He was very small.
Not so small that he could fit between the shoulder blades of any creature, but small enough.
He saw her walking down the street, a carrot limply stationed in her mouth. She walked so as to look purposeful (this was unintentional), but yet she appeared to be lost in thought. The carrot stood as a symbol of the impenetrability of the matter she pondered, so enigmatically poised between her somewhat slack lips. They held the carrot just so tightly that it wold not fall. He thought he loved her, in a voyeuristic way. Sometimes he lived above her medicine cabinet, unnoticed, of course.
The way he moves his hand in gesture makes me feel warm.
His voice, pregnant with savoury missives, caresses my outer ear.
I most love the way that he doesn't love me.
I shall not pursue, I shall only be a haven for he that cannot help but come willingly.
When he touched my leg yesterday, I had no being but for that section of skin. Other realms of my body trembled to remind me of their continued existance, but their proclamations sounded trivial against the roar of his stroke.
I have had better lovers, but none that move me so.
What I love most...
is his voice.
It posesses a purity that extends to all other parts of his being, making the whole nearly holy, or at the very least, permissable.
I would not say I love him. Rather, I see a potential for an enjoyable mutual existance, which could very well evolve to become love. He does not.
He shall become the angel of my nights, a sacrament that I am rarely capable of receiving. I shall yearn for him, attended by a bittersweet melody more flavourable than the finest chocolate. I shall become as a delicate melon ball cleansed by such a luxuriant fondue.
He shall never be mine, and for this I admire him more.
I love to watch his lanky, yet muscular limbs, at rest or in motion. The perfection expressed in his features bespeaks an impenetrable mystery that will reflect the same in the consideration of our lives spent together.
He reminds me of my capacity to love, even if I shall not exercise it. This is not unlike the unexpected spasm of a muscle one had long forgotten one still had.

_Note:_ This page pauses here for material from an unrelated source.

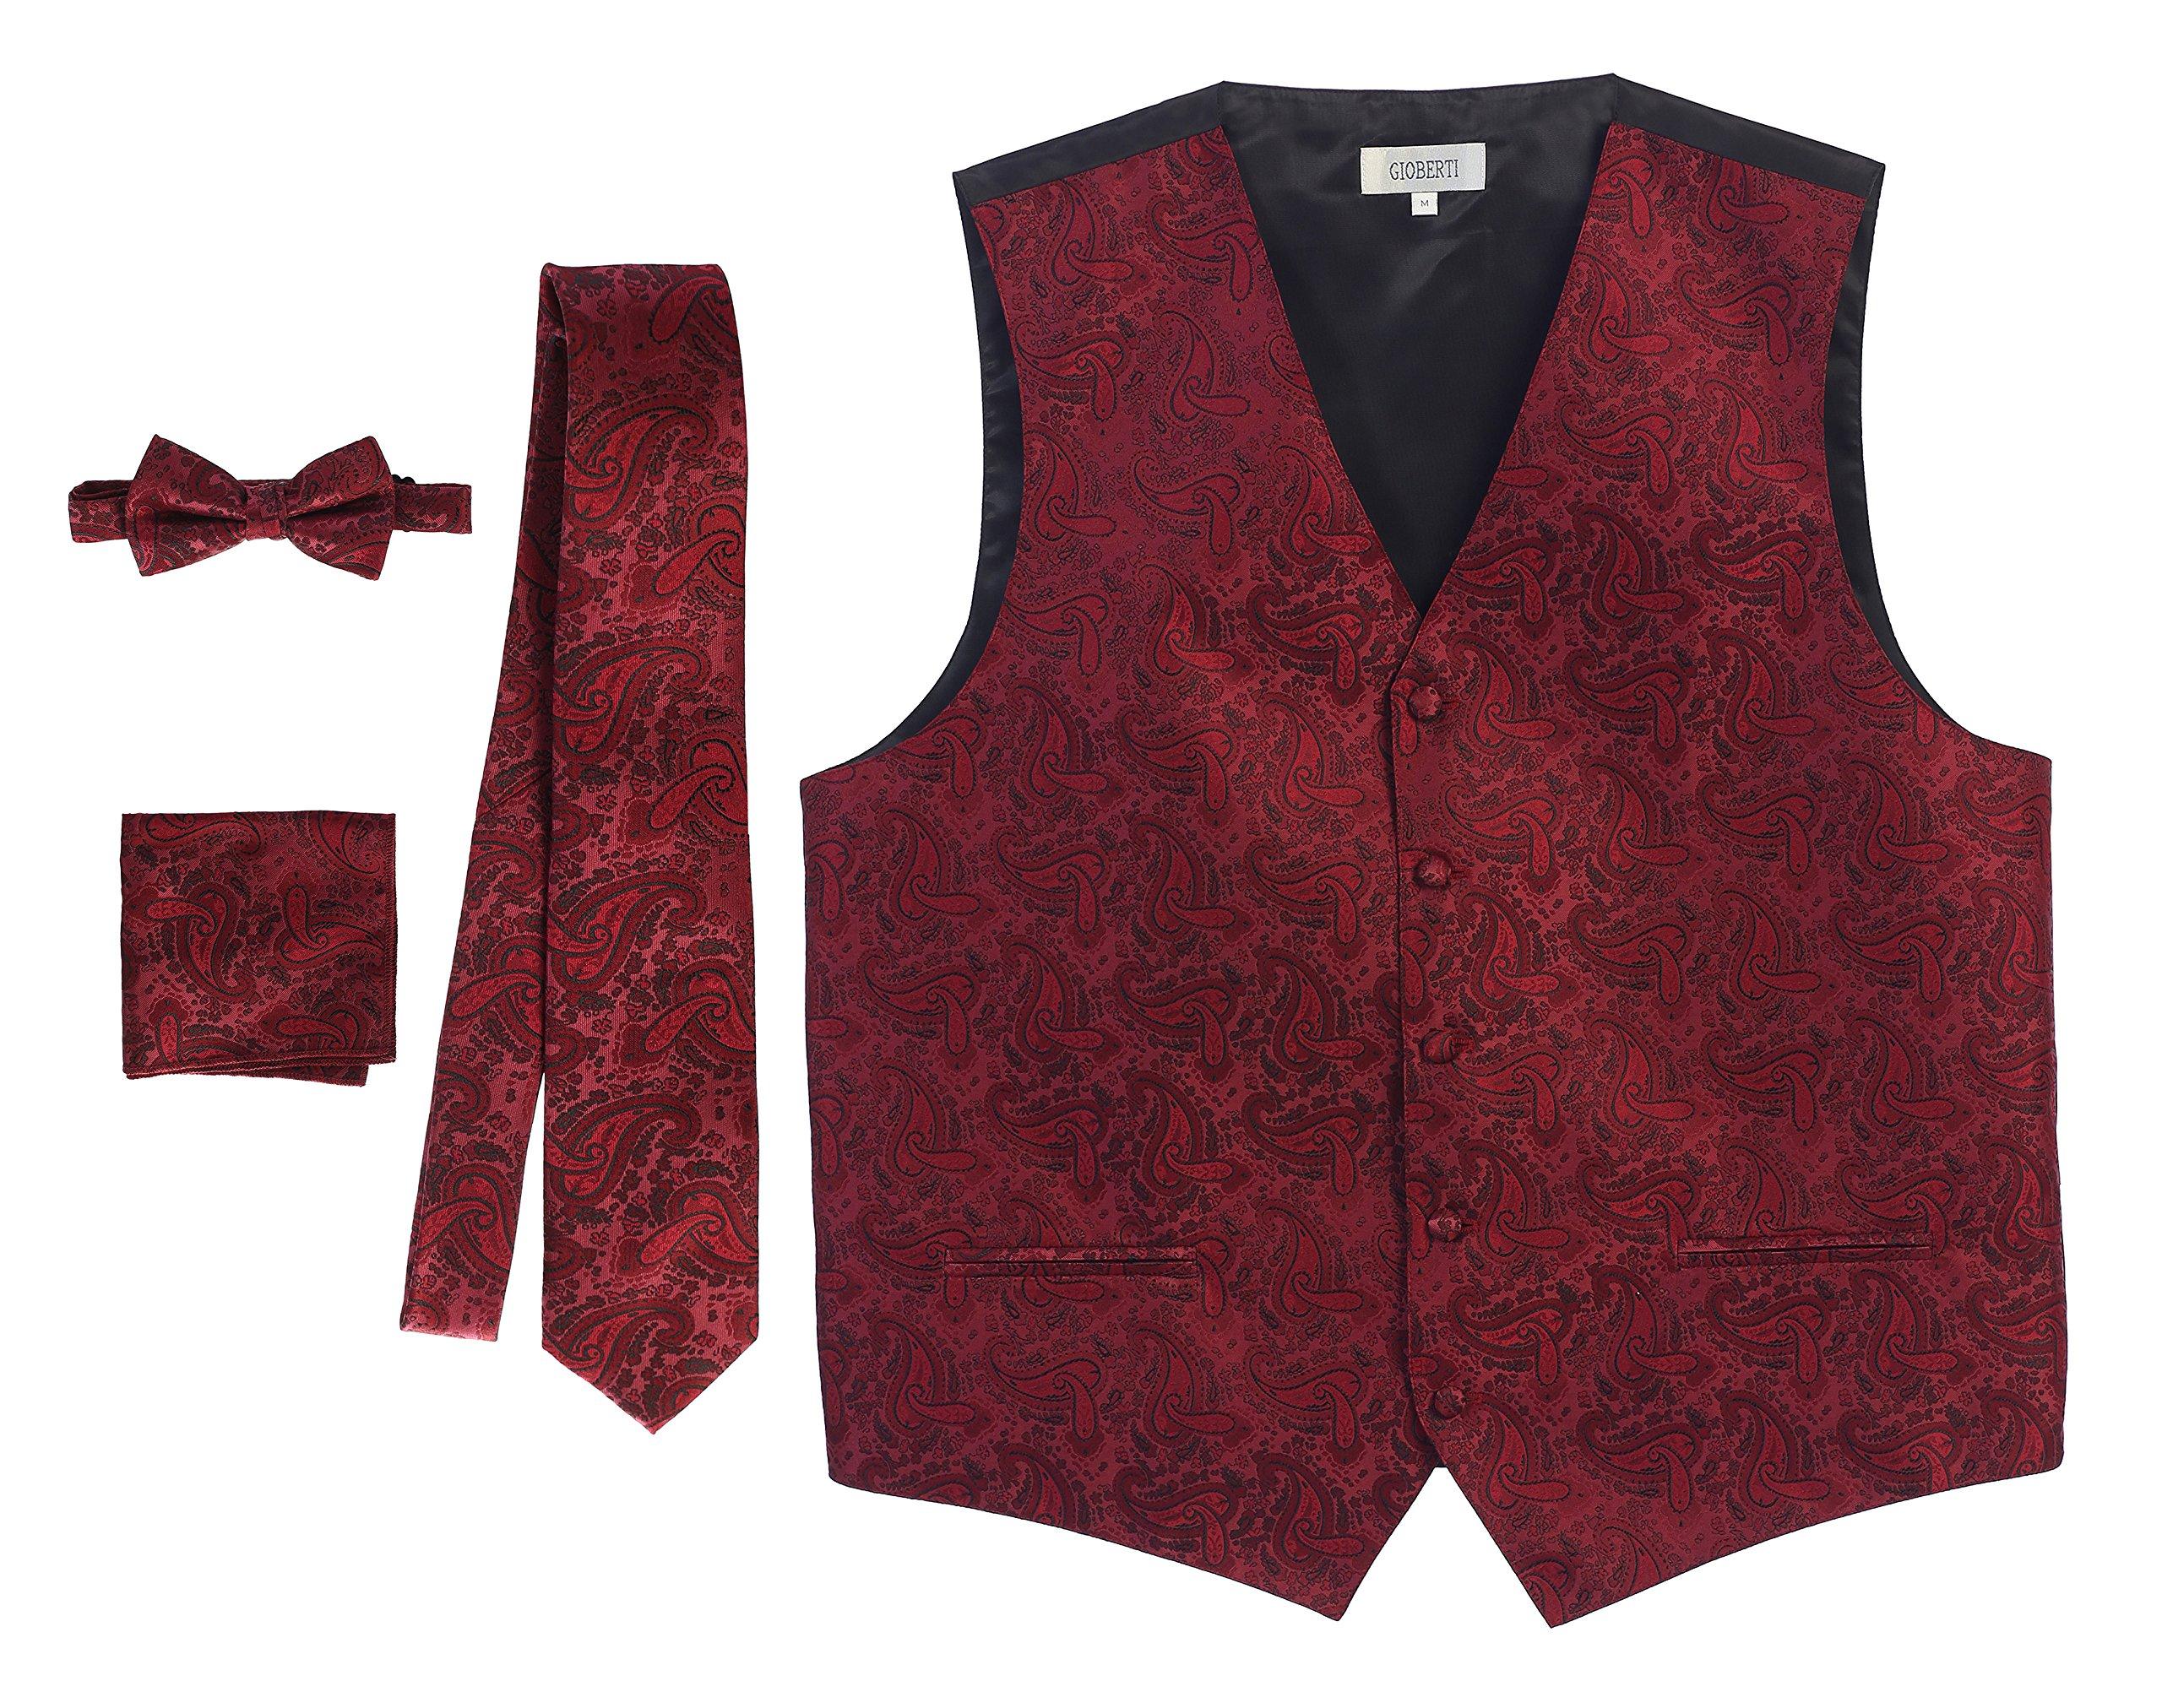 Gioberti Men's 4 Piece Formal Paisley Vest Set, Burgundy, Large
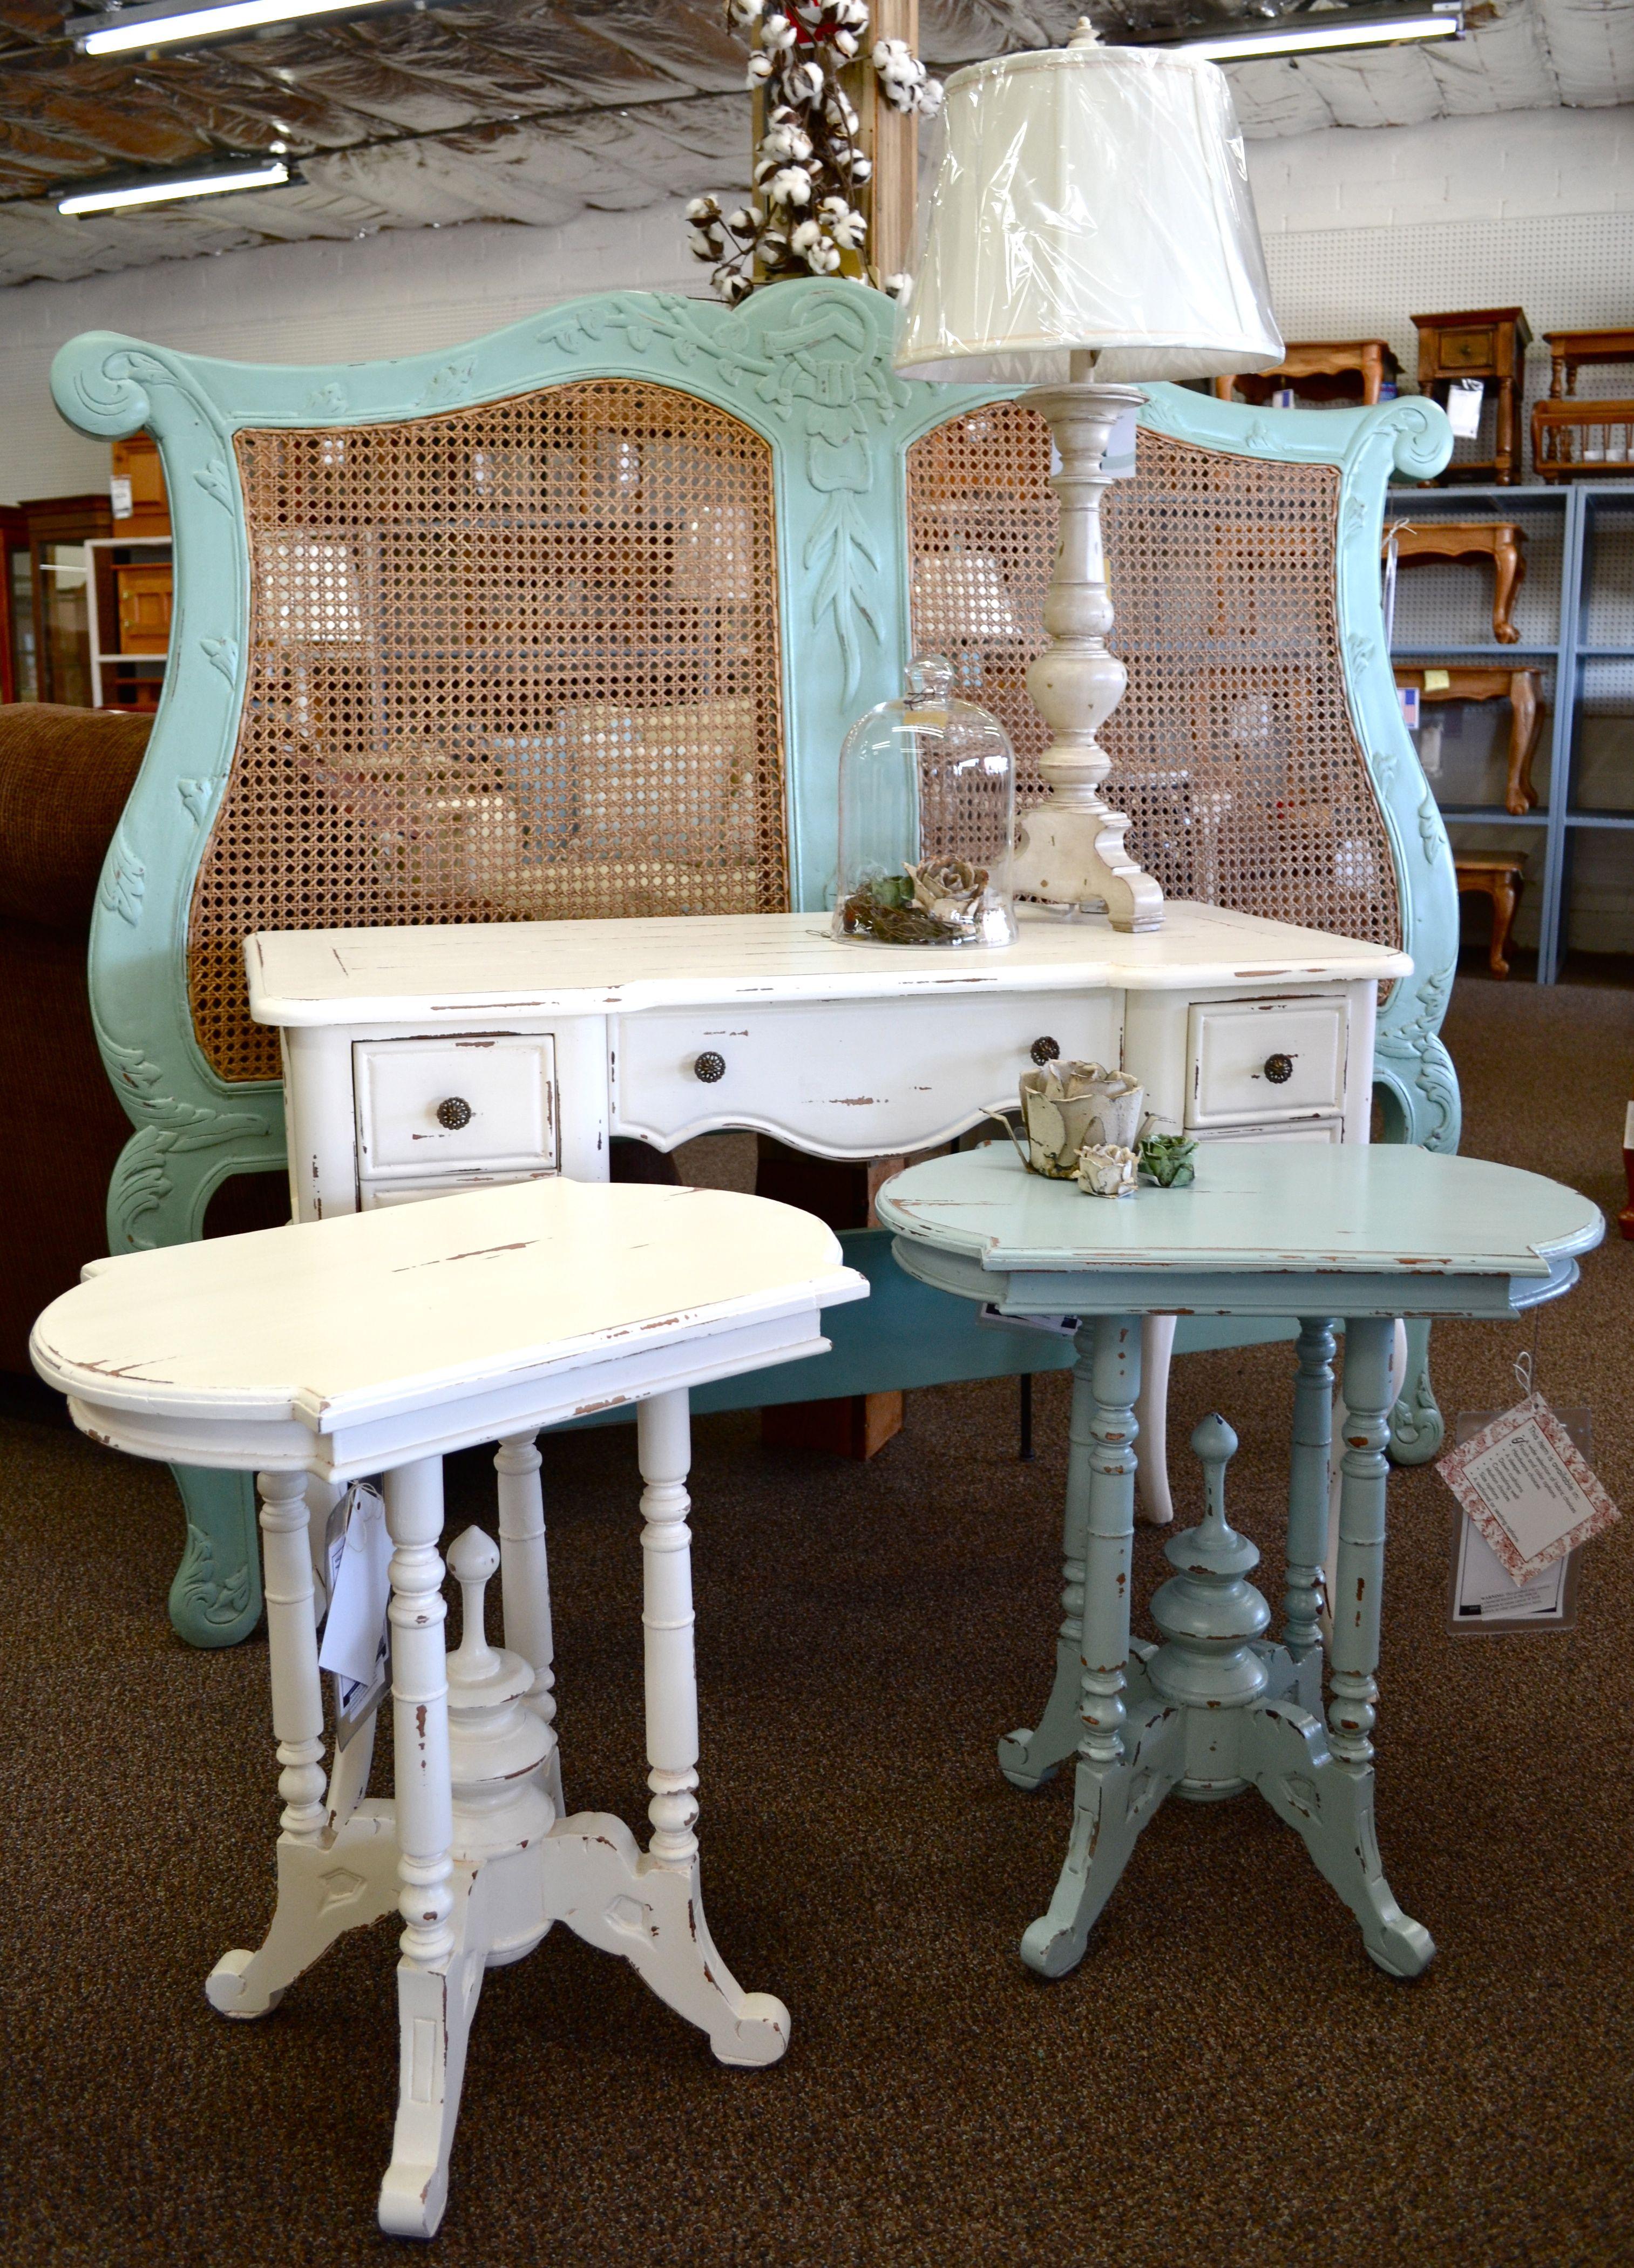 Distressed, Shabby Chic Bramble Furniture At Tuckeru0027s Valley Furniture In El  Cajon, ...

At this, the carrot lost its standing and landed on the sidewalk.
"I wish I were that carrot," he thought to himself.
Home again, in bed, she dreams herself to sleep with a vision of the doctor lodged securely between her legs. Her negligible admirer sets forth from his place of little priviledge above her sink, and settles comfortably in the space between her shoulder blades. He peacefully drifts off to sleep, just wishing to be dropped.